One can compare programs and procedures. 1989 appears much more like a social « liberal » counter-refolution than the continuity of Solidarnosc congress.
In 1981, more than 80% of the work force was unionised and Solidarnosc had about ten million members. In 2008, those who are in trade unions make up no more than 11% of the workers, according to official figures provided by trade union organisations. During the process of privatisation trade union leaders were often introduced into the administration councils – on an individual level - where they were linked to the employers. This corruption and integration into the processes of privatisation undermined the ground of the trade unions. The loss of resources and the bankruptcy of big enterprises producing huge unemployment (when Poland became member of the UE in 2004 the unemployment rate was nearly 18%), the difficulties of daily living and the absence of trade unions in businesses run by foreign capital did the rest.
There is therefore a close link between the social discontinuities between 1980-1981 and 1989 and the total different dynamic of “reforms”.
From the Prague’s autumn of worker councils to the Velvet revolution : continuity, or antipodes ?
The scenario is slightly different for Czekoslovakia, but the essence of the stake and of conflicting interpretation is the same.
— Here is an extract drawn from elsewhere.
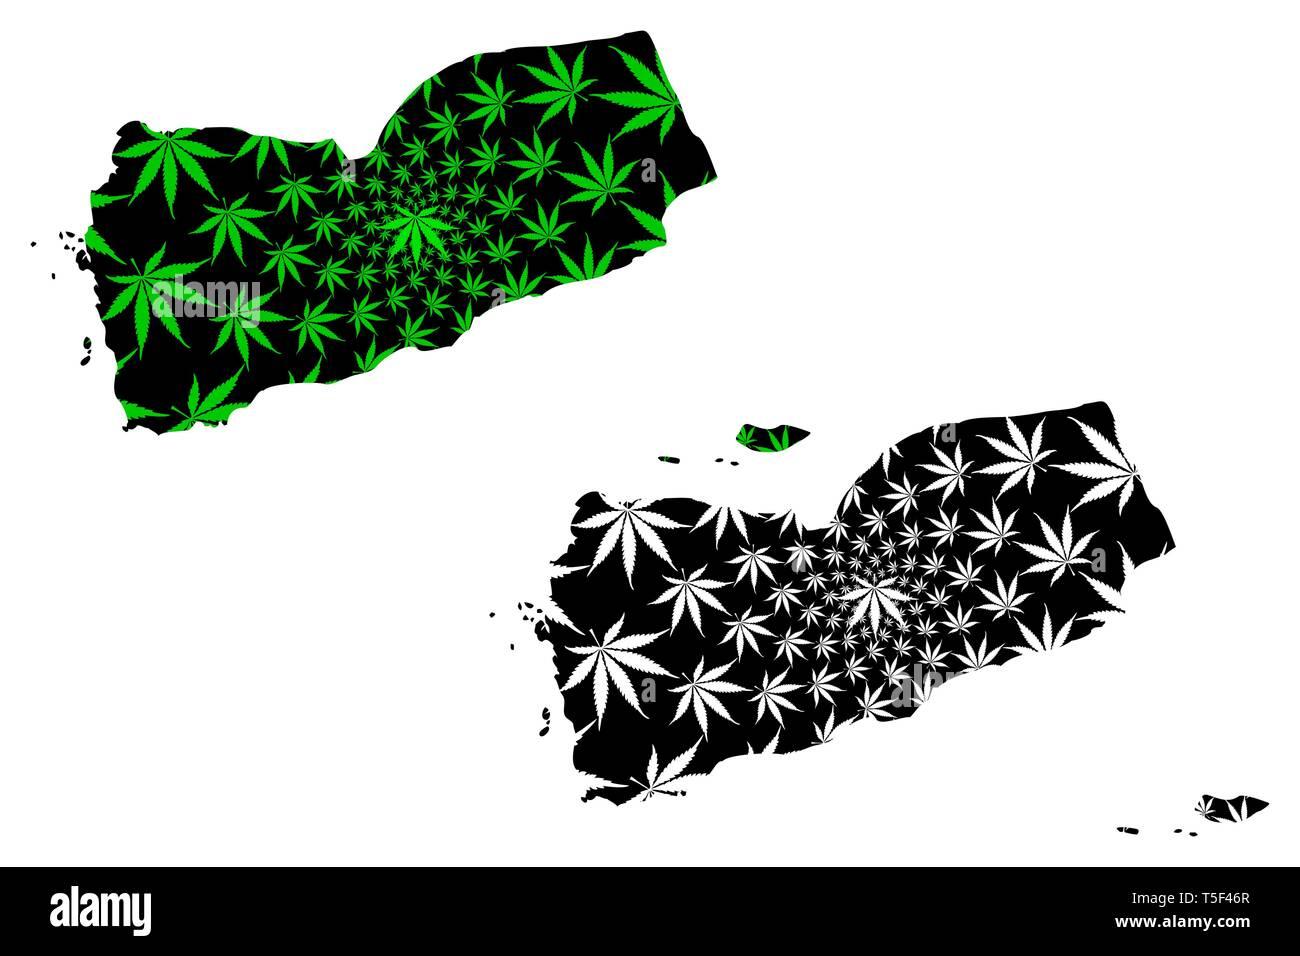 Yemen - map is designed cannabis leaf green and black, Republic of Yemen map made of marijuana (marihuana,THC) foliage, - Stock Vector

The economic and political reforms proposed in 1965-1868 in Czechoslovakia by the reformist leader Dubcek and the economist Ota Sik, supported by a whole wing of the communist party was very similar to the one implemented in Hungary at that time : the purpose of the reform was to introduce stimulant to increase the efficiency of the production (quality and productivity). But the proposed means were mainly based on a partial extension of market and decentralisation of decision-making process increasing the responsibility of managers (and their increasing income according to market results) against a too vertical and authoritarian form of soviet planning. Such reforms did not introduce workers rights for self-management.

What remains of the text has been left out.